# WHAT YOU NEED TO DO
The response must be the exact lines from the one that contains "Tommy shelby costume" through the end of the material, with no pictures and no additional lines.

# INPUT DATA
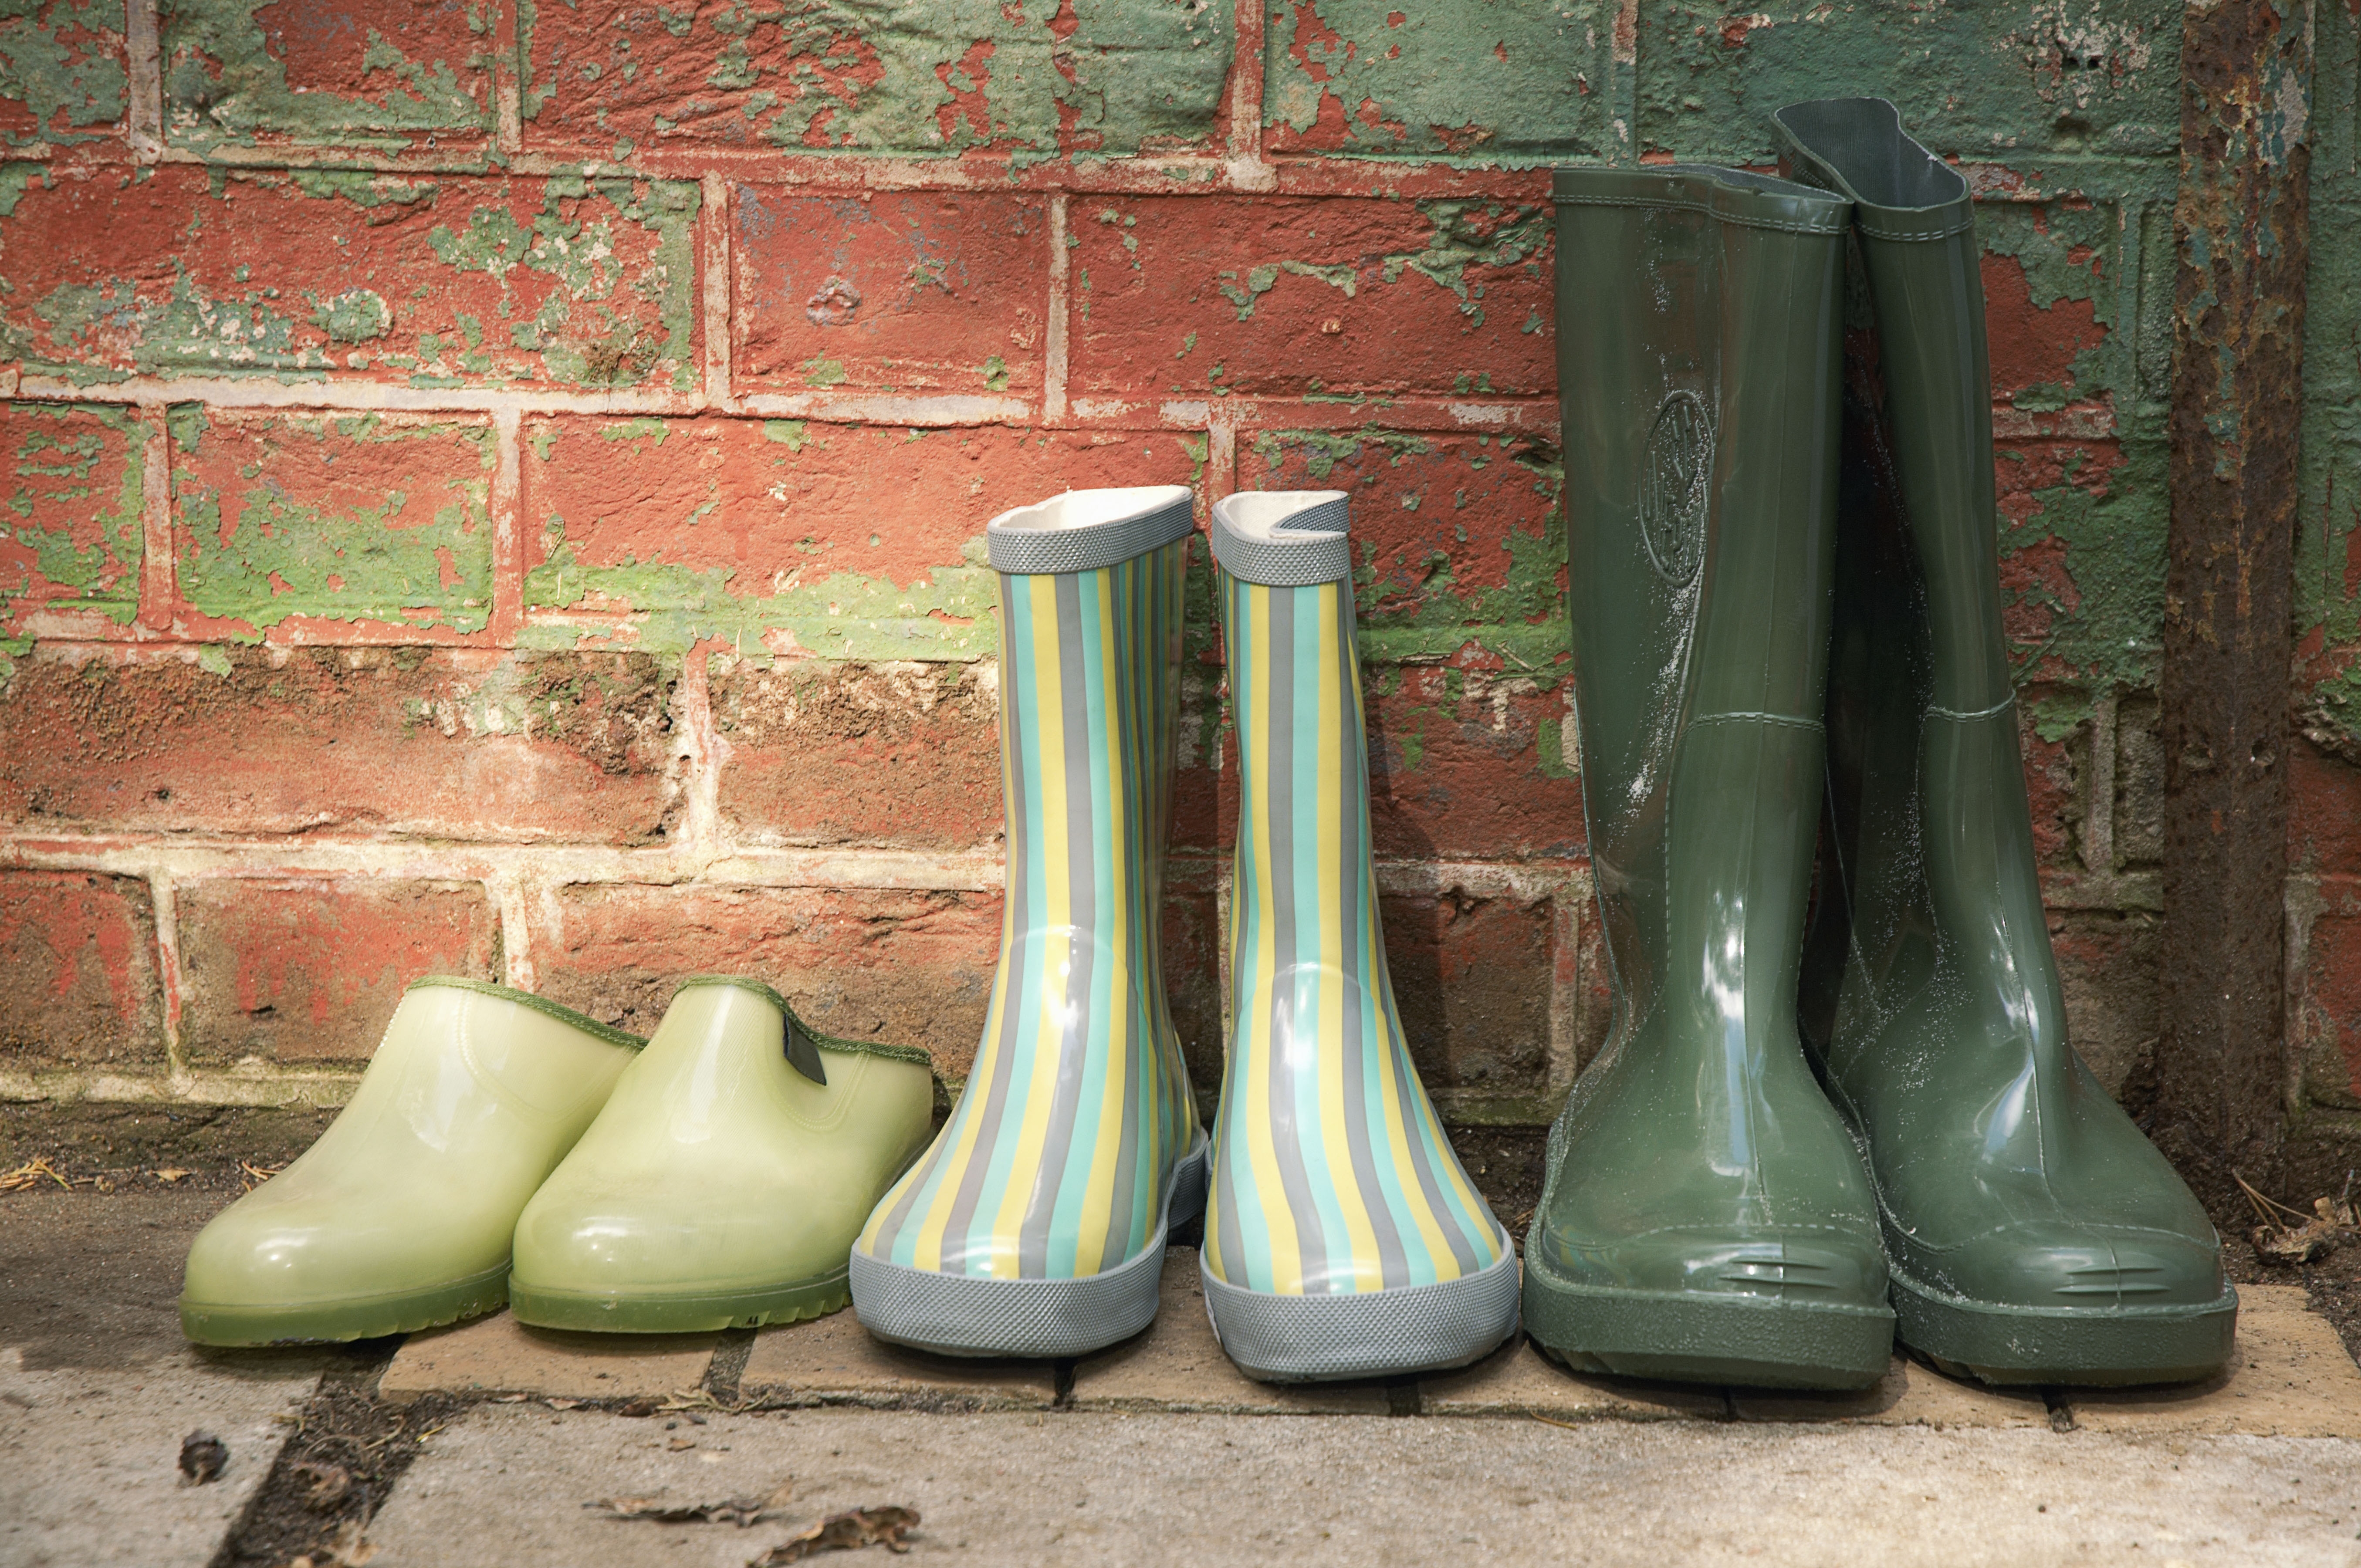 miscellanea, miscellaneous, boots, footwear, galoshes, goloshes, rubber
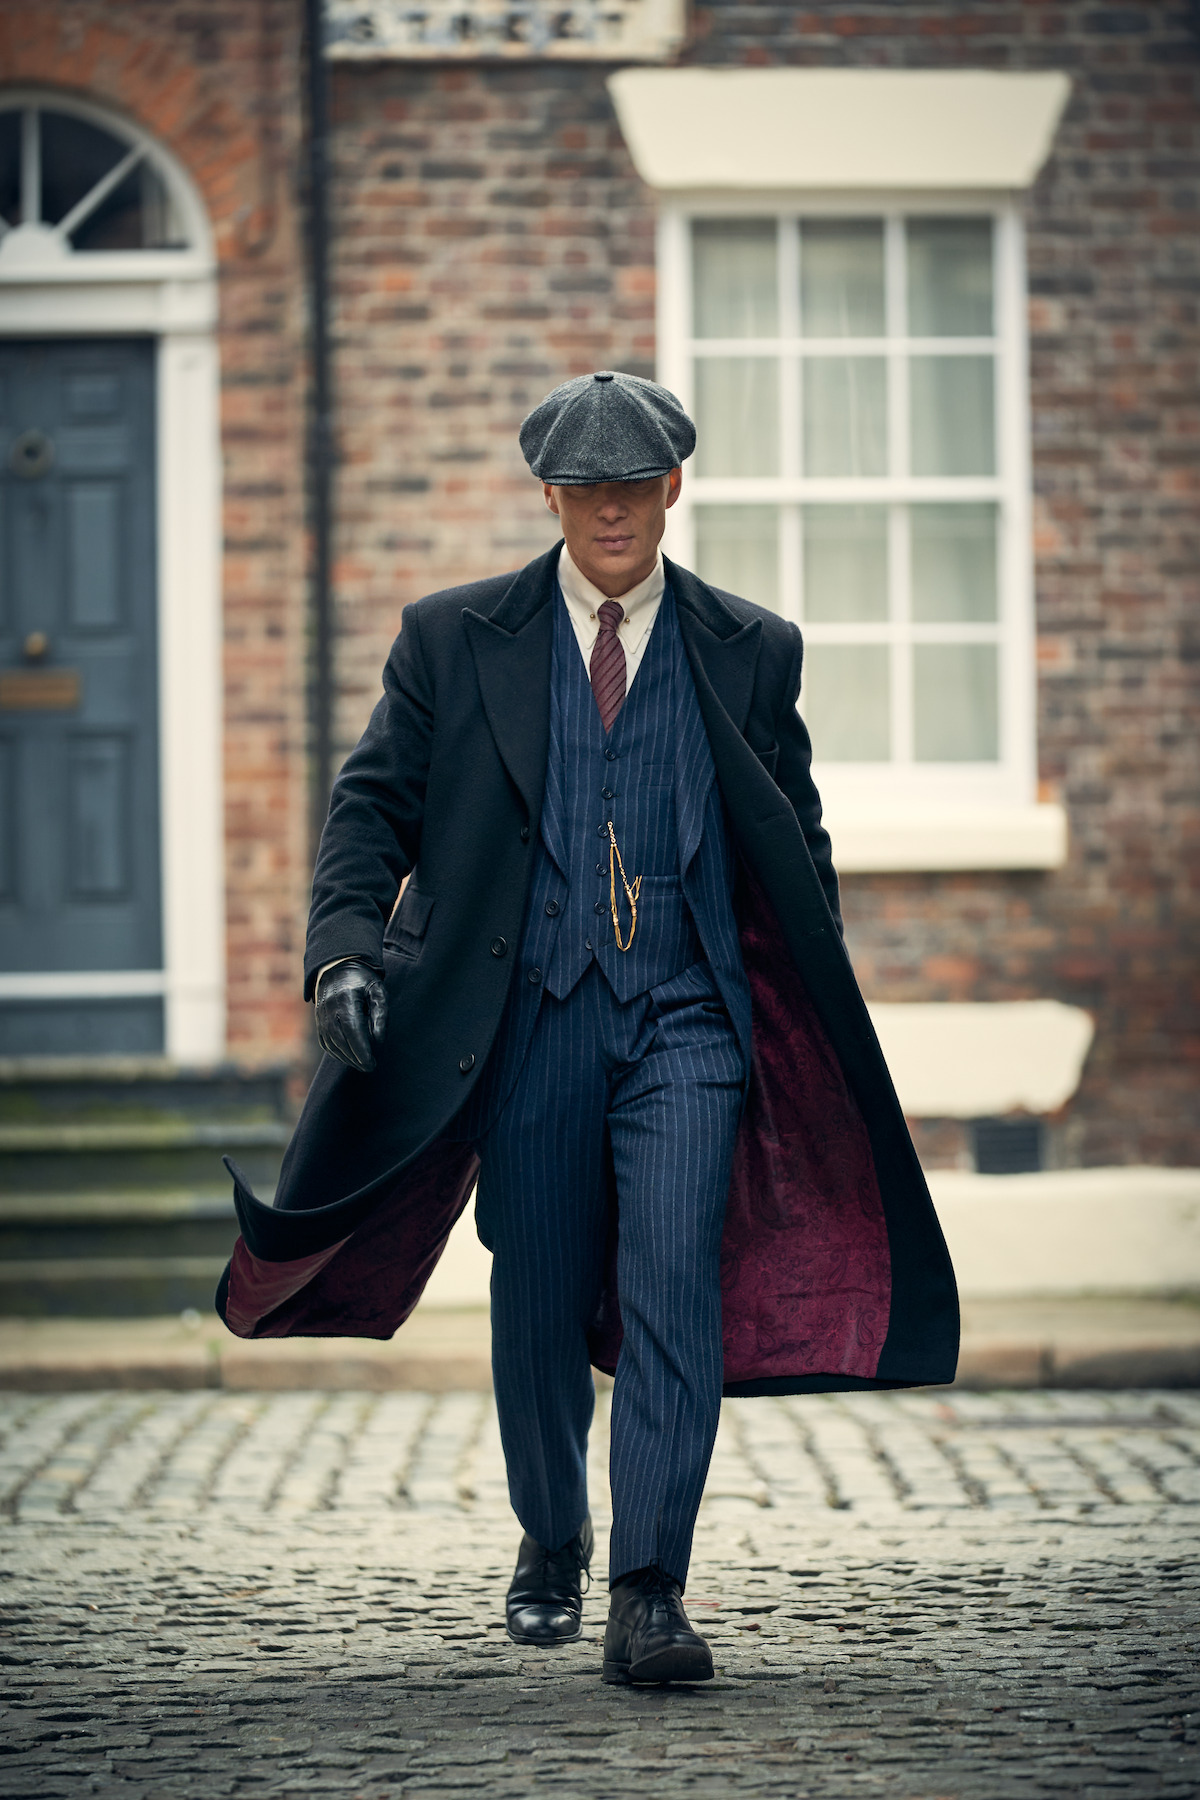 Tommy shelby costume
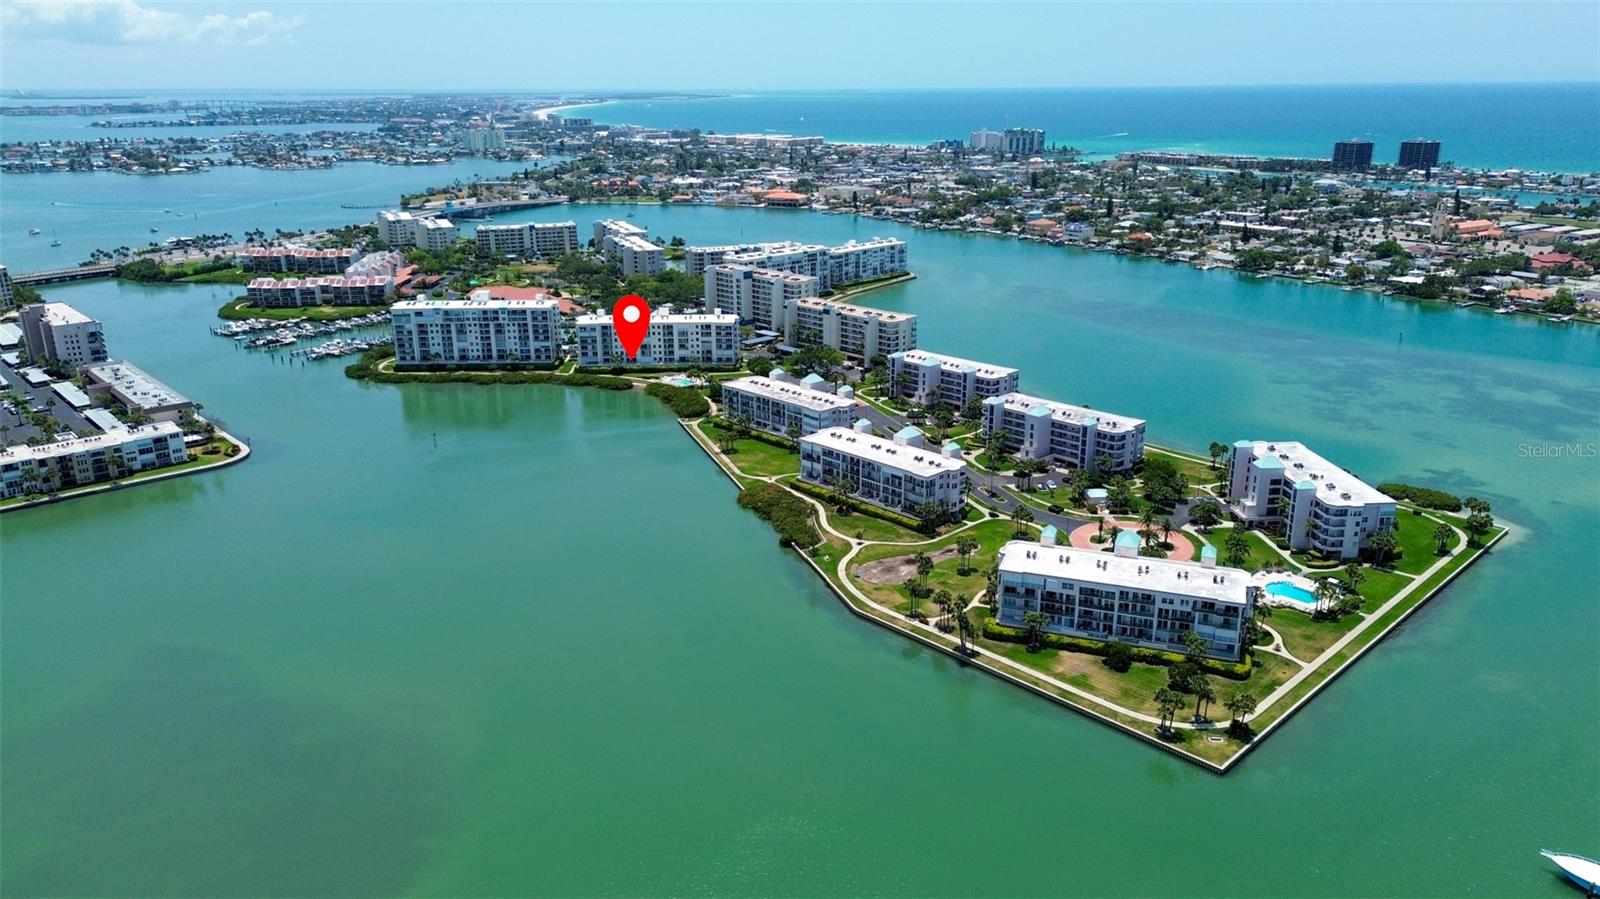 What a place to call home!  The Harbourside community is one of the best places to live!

# TASK RESPONSE
 Tommy shelby costume
 What a place to call home!  The Harbourside community is one of the best places to live!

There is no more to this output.